There was a pause, one of those moments when it’s pretty obvious no one wants to say what they’re really thinking.
“Look, I have to get back to my patient,” she said, exhaling. “She’s very impatient. She’s starting to growl at me. We can discuss this later, okay?”
“Okay.”
Then, almost as a good-bye: “And of course I trust you, Jay.”
Chapter Twenty
T he county coroner’s office was located twenty minutes away near the sheriff’s department in San Luis Obispo. It was on a remote road a few minutes out of town, tucked dramatically at the base of one of those high, protruding mesas, not exactly your standard police setting.
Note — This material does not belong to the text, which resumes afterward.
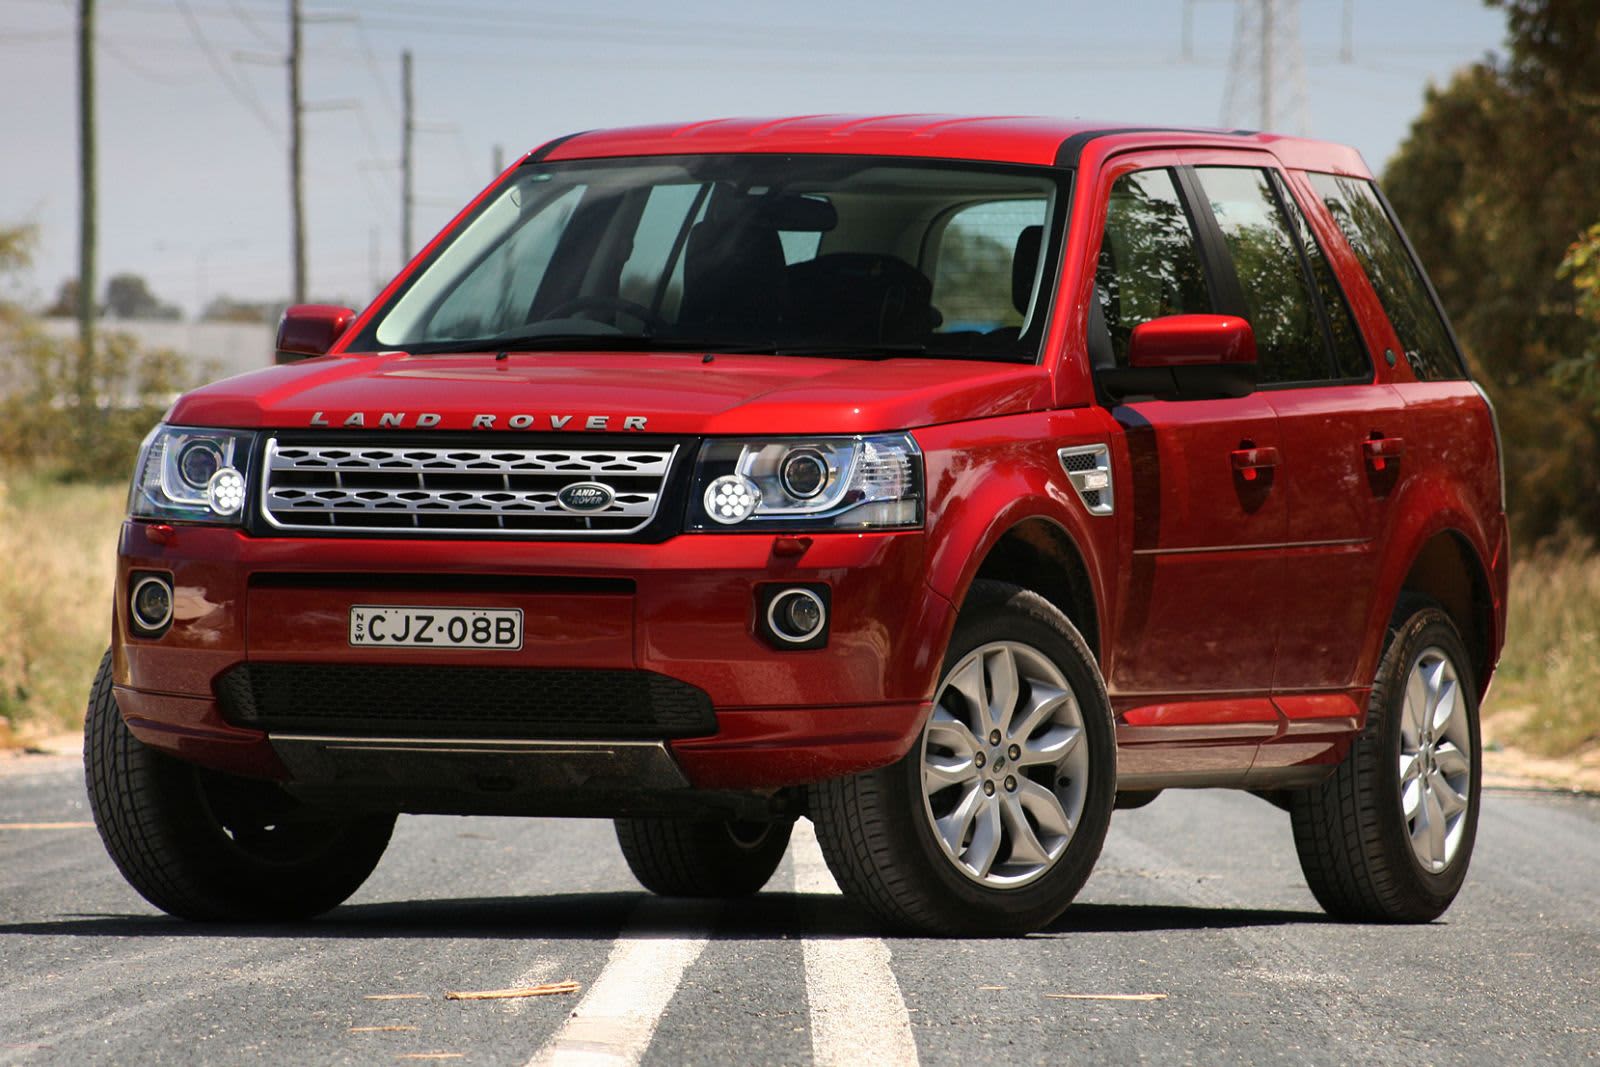 Land Rover Freelander Review | 2013 Si4 SE On- And Off-Road
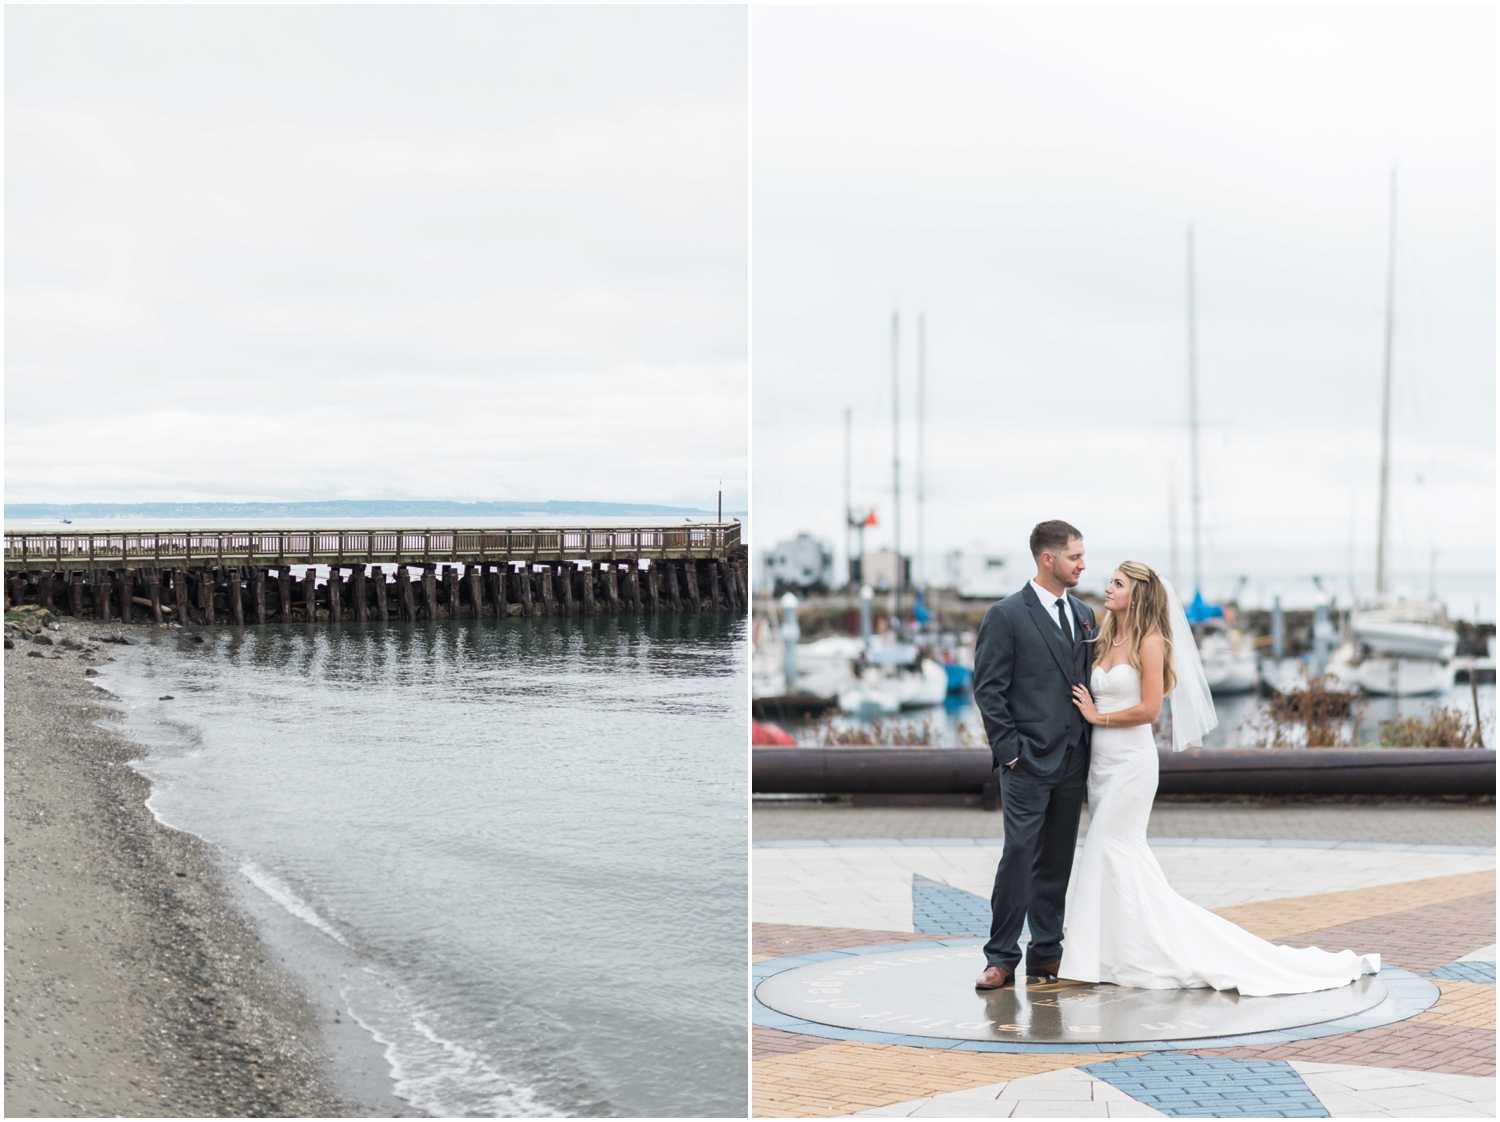 Chris & Laurens Nautical Port Townsend Wedding. Fall.  Old vintage Wooden Boats. Driftwood. Sand. Pre-Ceremony cocktails. Chalkboard Signs.

A sign on the outside walkway read DETECTIVES UNIT.
It was strange, but I felt there was only one person I could trust.
I went up to the front desk. A pleasant-looking woman seated behind a computer asked if she could help me. I said, “Detective Sherwood, please.”
He was out of the office. The woman glanced at the clock on the wall and said it might be a couple of hours.